Please reproduce all of the data exactly as it appears, but skip the pictures.

Recorded data >>
────────────────

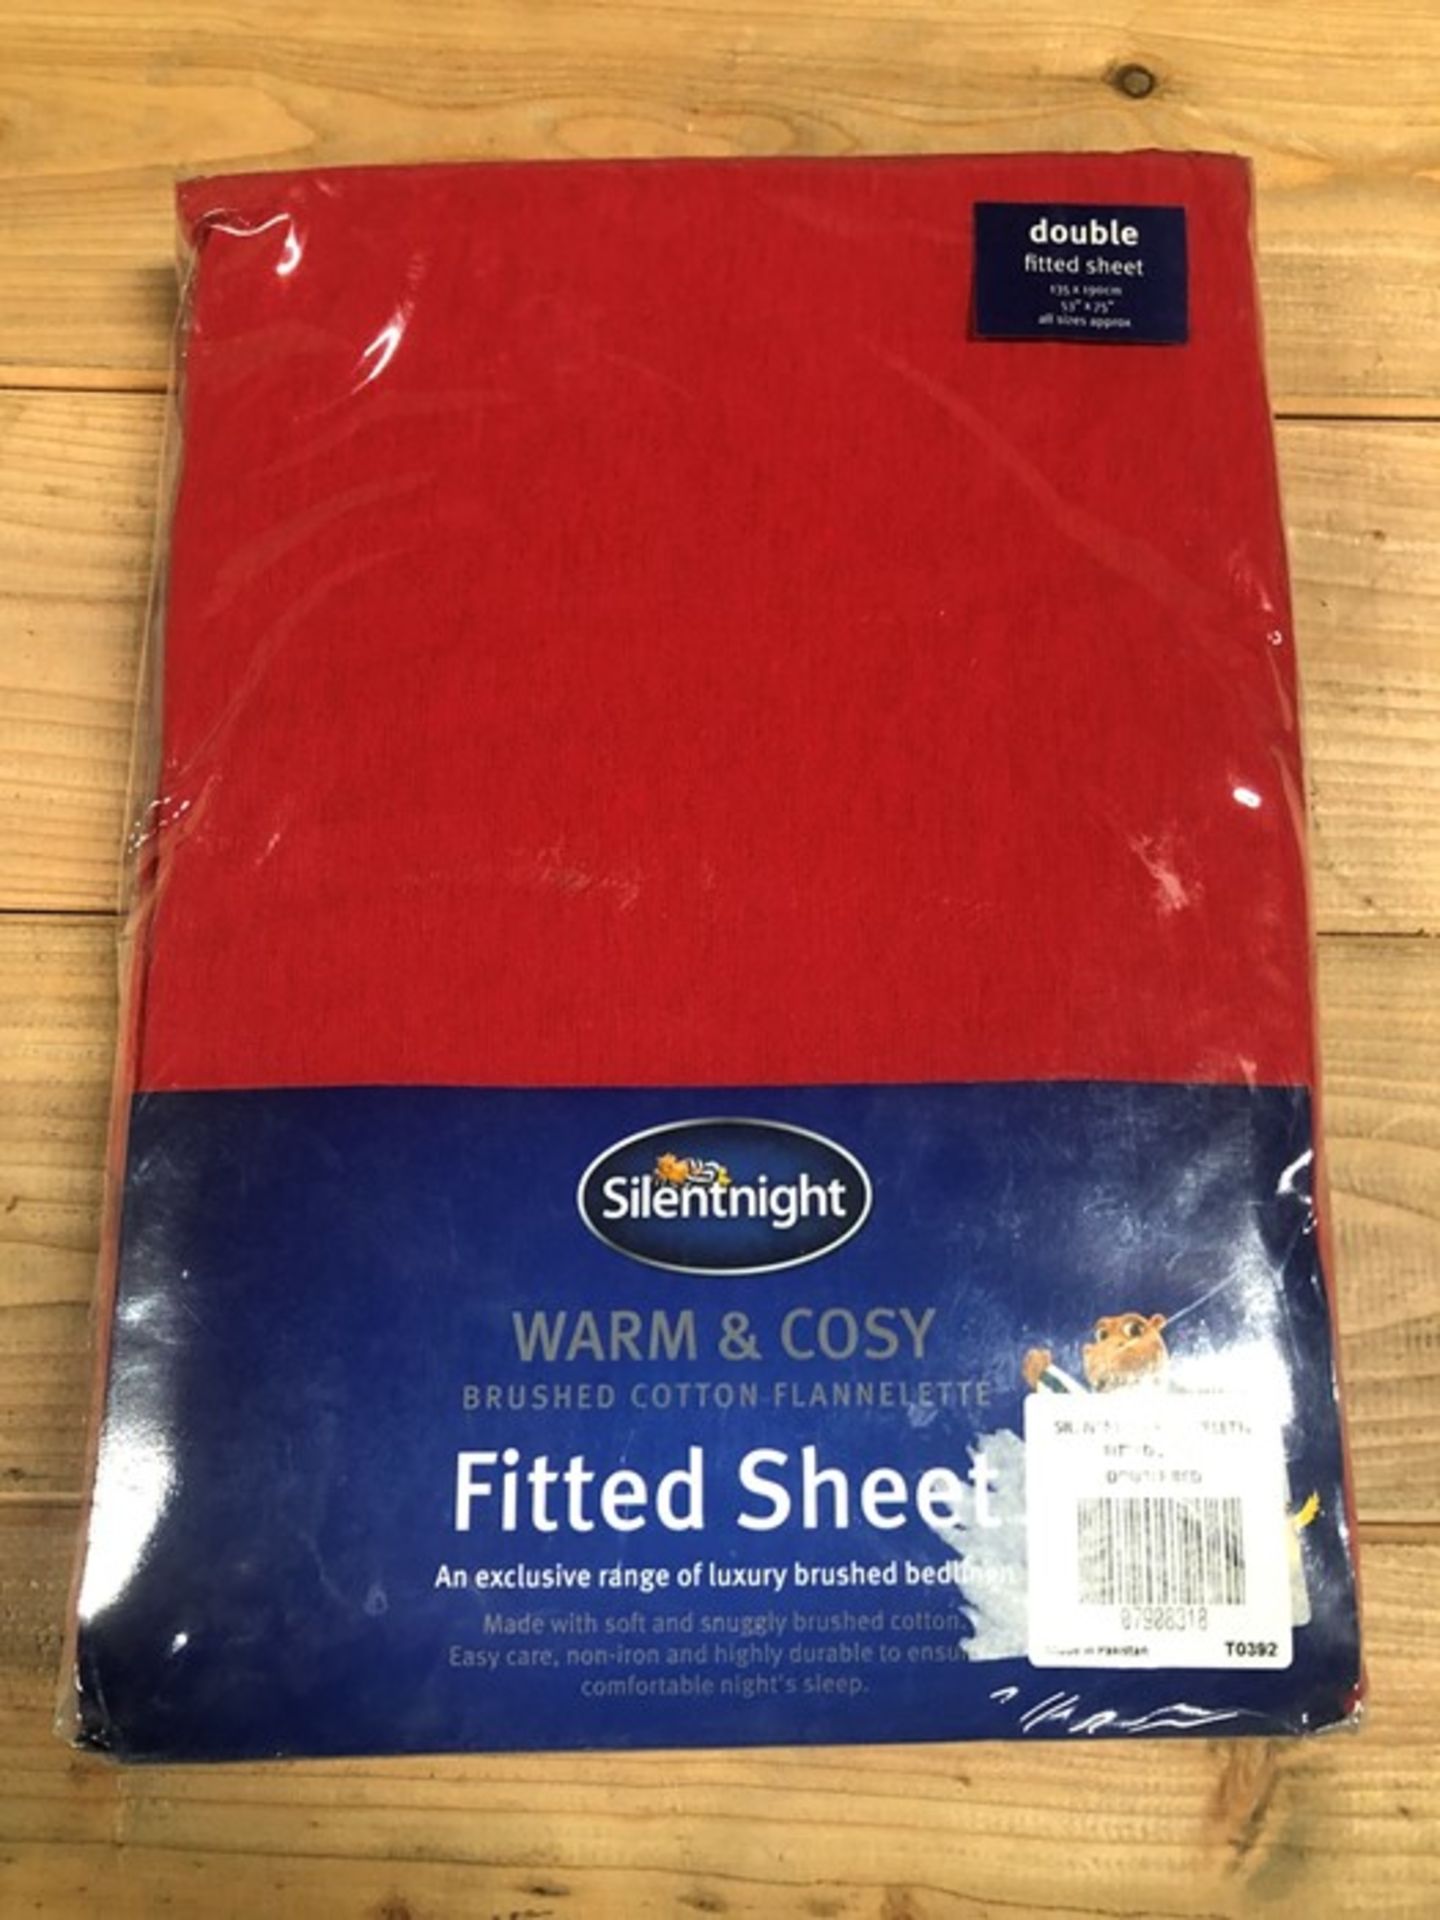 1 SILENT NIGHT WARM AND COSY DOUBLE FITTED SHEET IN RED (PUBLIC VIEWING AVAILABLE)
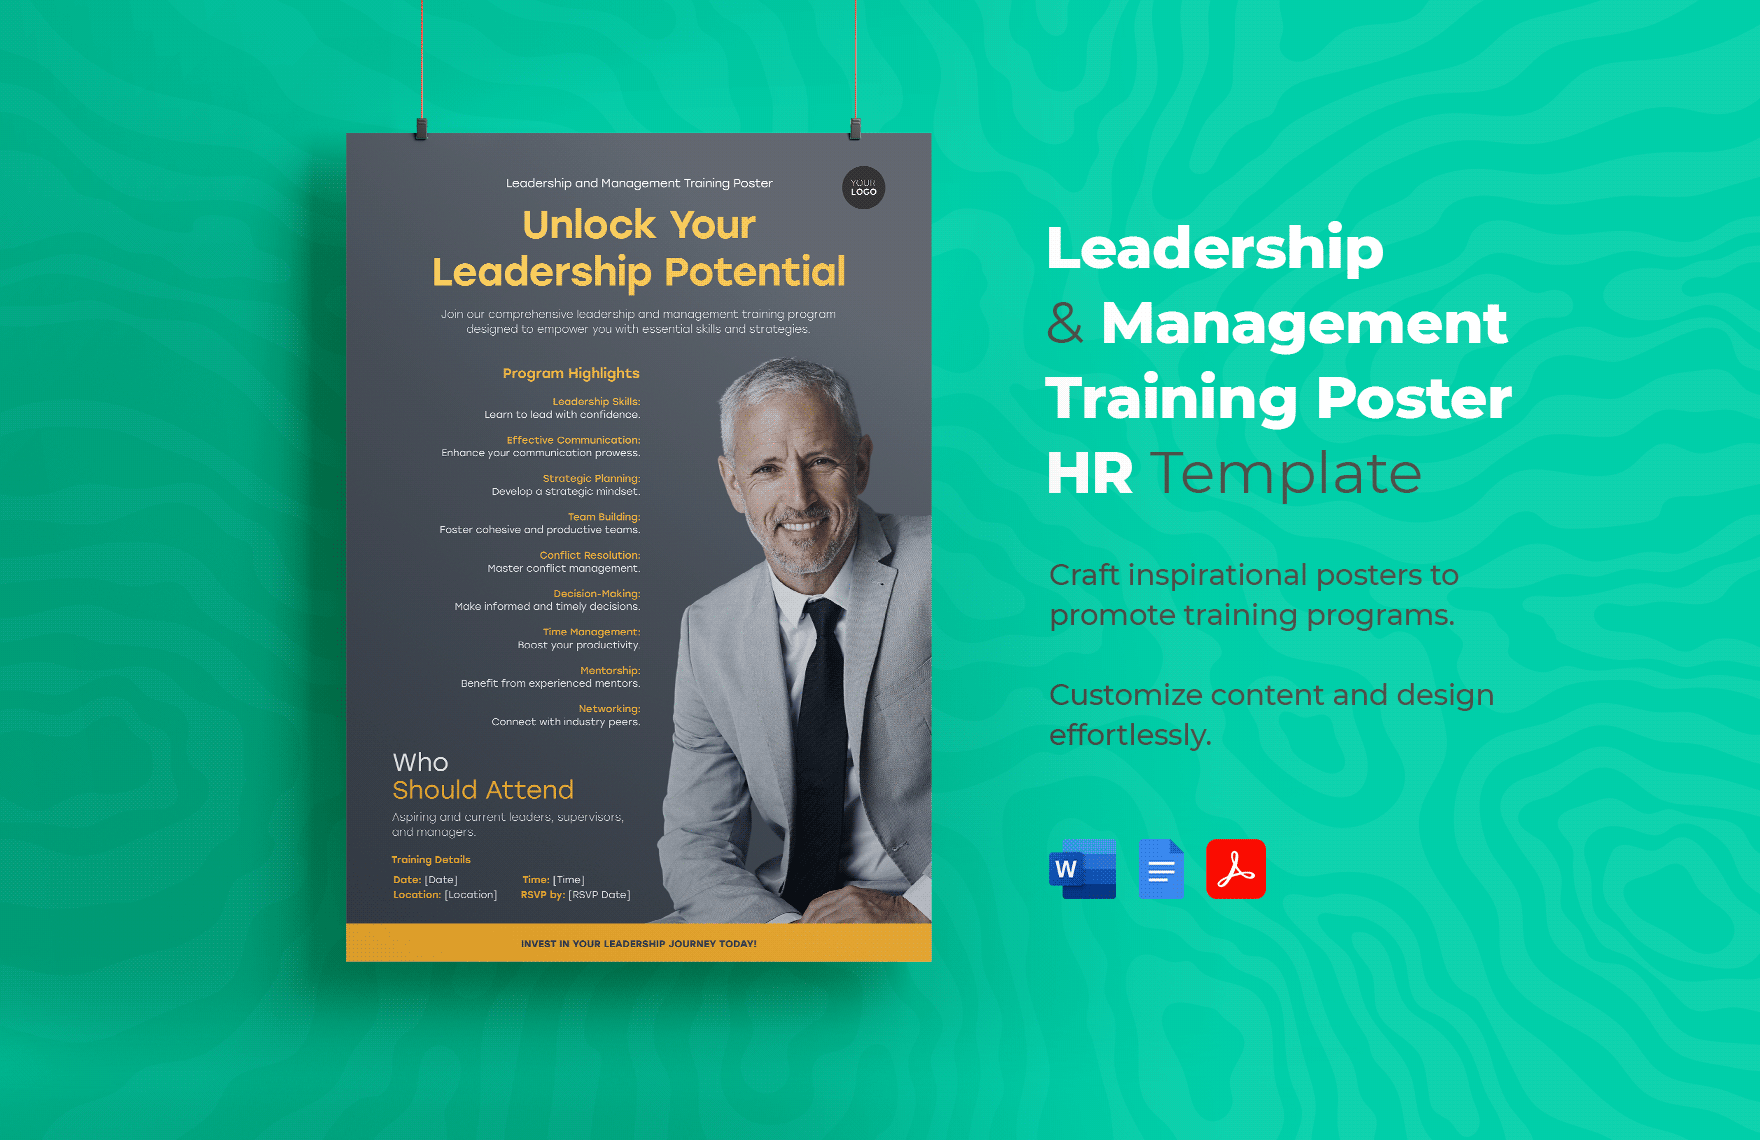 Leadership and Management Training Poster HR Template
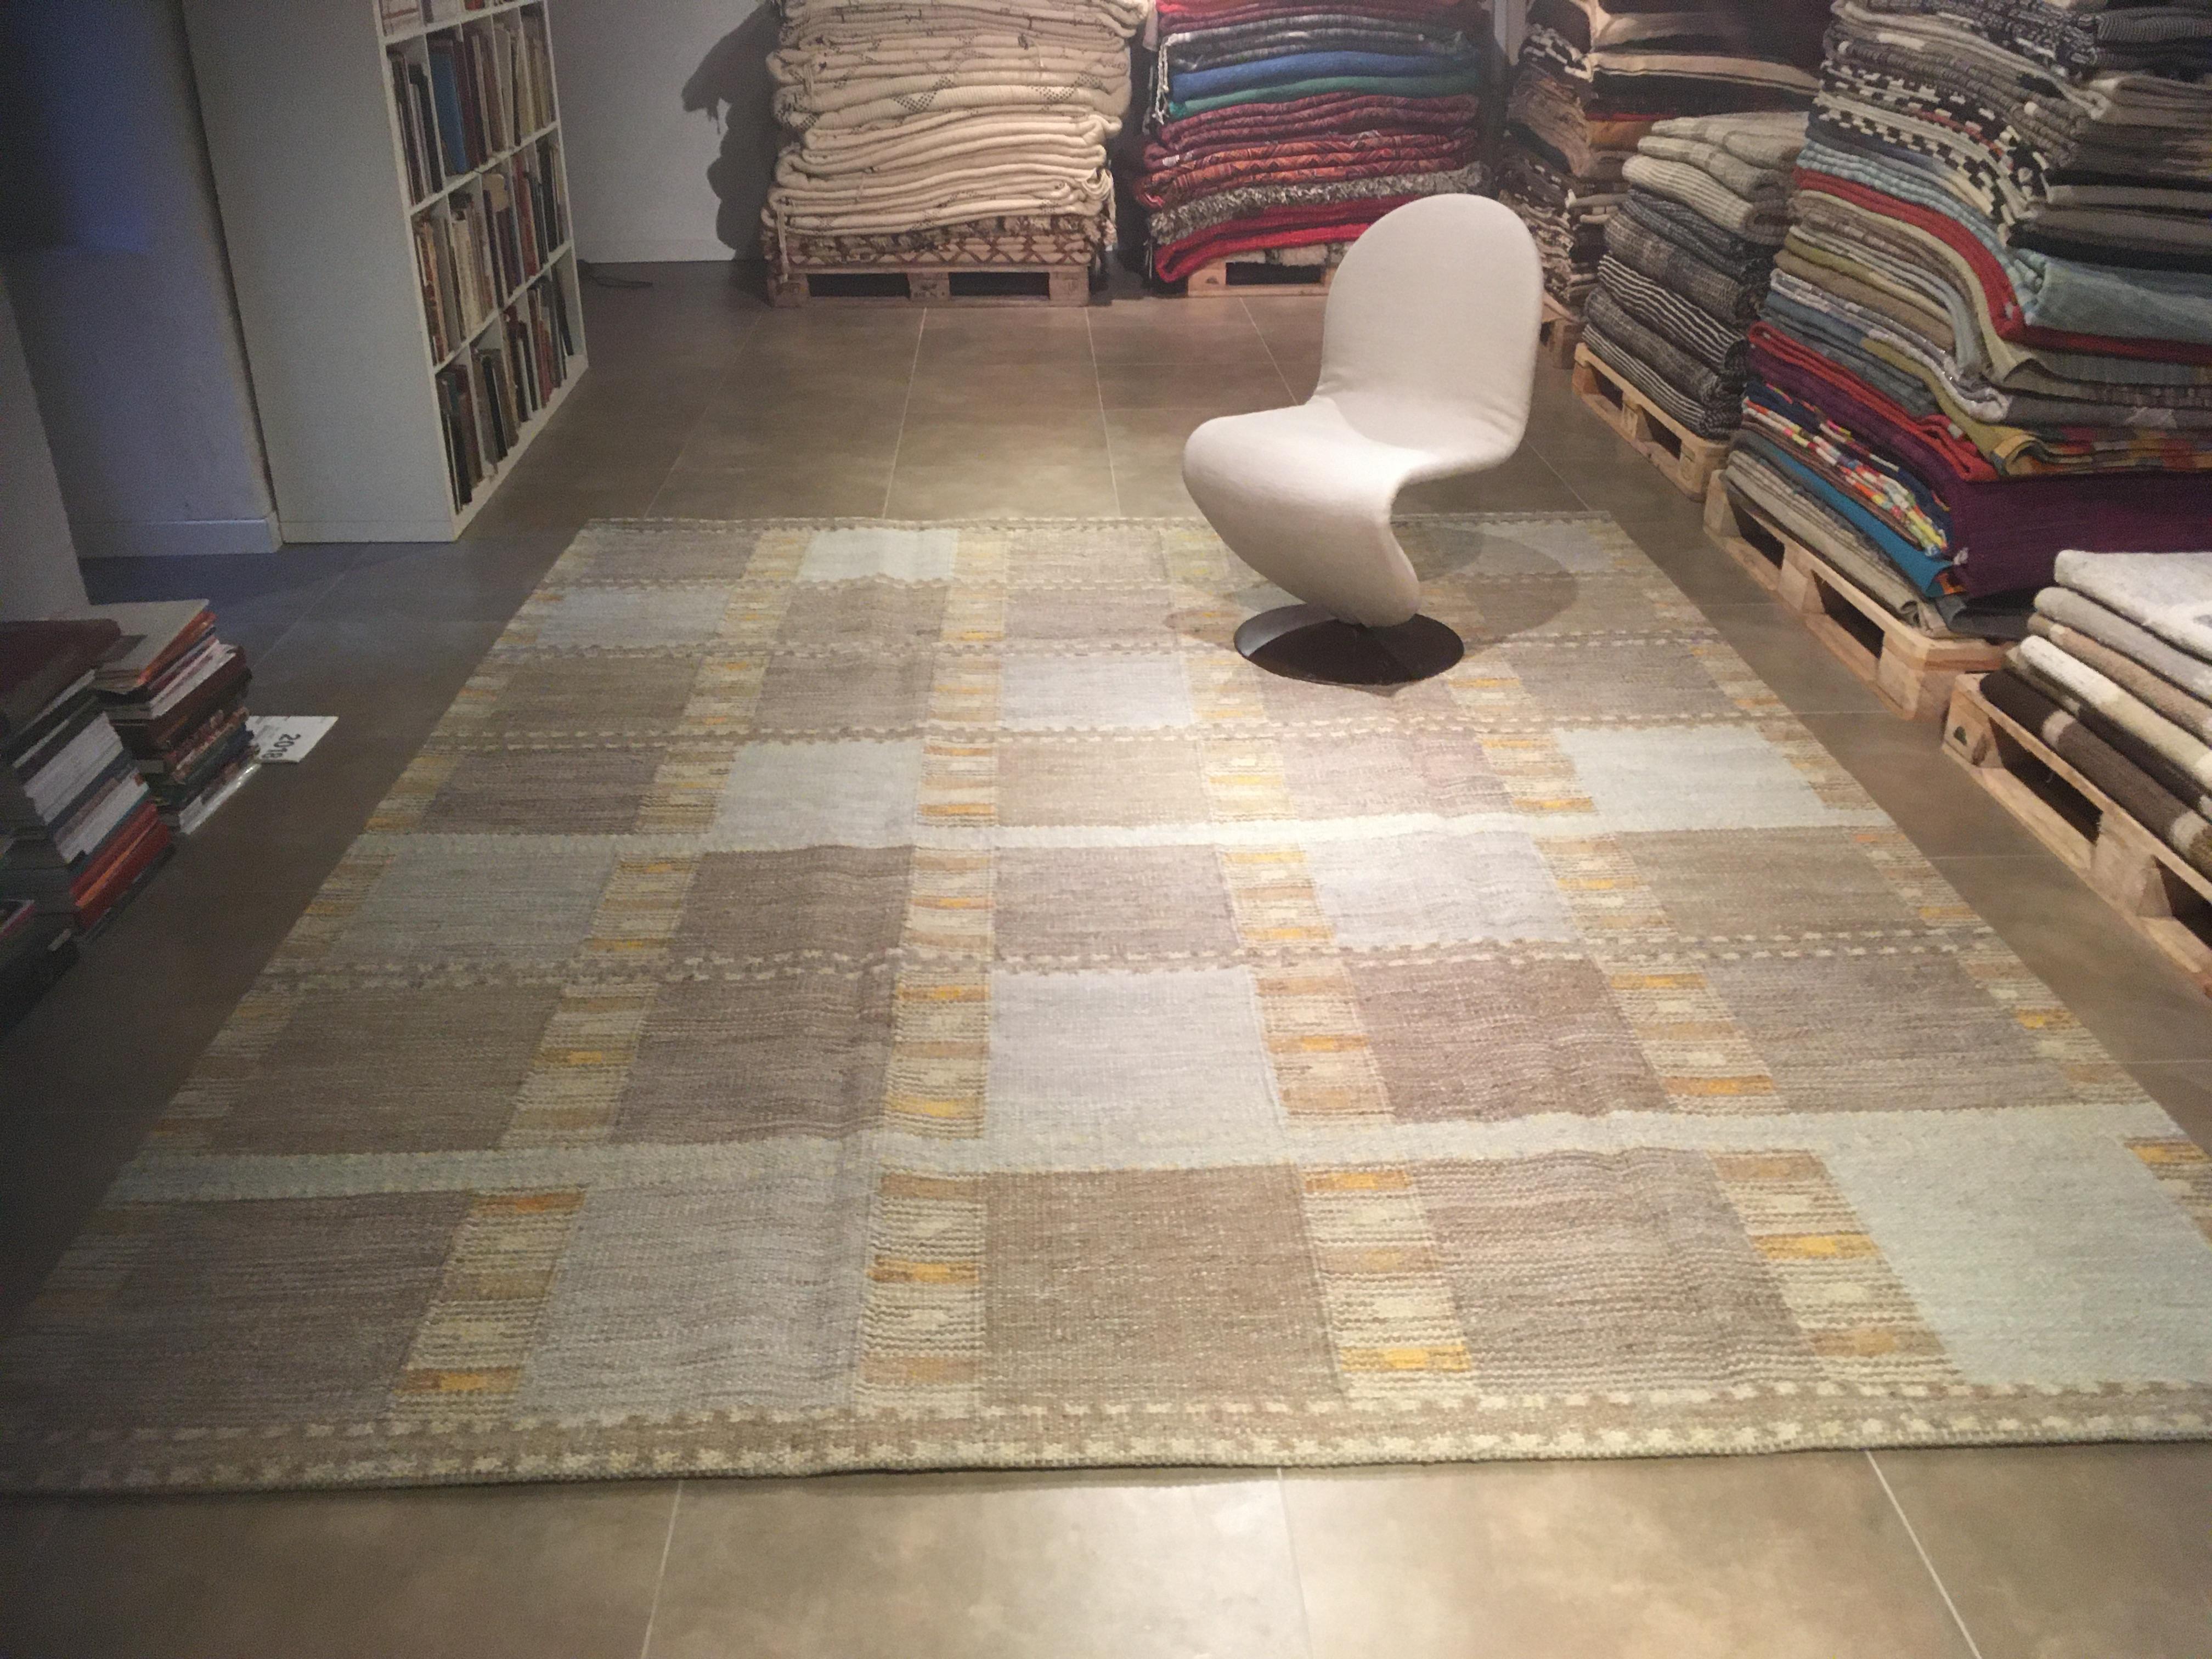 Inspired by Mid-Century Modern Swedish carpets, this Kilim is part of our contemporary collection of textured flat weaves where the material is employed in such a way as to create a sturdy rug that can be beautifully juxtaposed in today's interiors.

────────────────

Result of this task >>
 1 SILENT NIGHT WARM AND COSY DOUBLE FITTED SHEET IN RED (PUBLIC VIEWING AVAILABLE)
 Leadership and Management Training Poster HR Template
 Inspired by Mid-Century Modern Swedish carpets, this Kilim is part of our contemporary collection of textured flat weaves where the material is employed in such a way as to create a sturdy rug that can be beautifully juxtaposed in today's interiors.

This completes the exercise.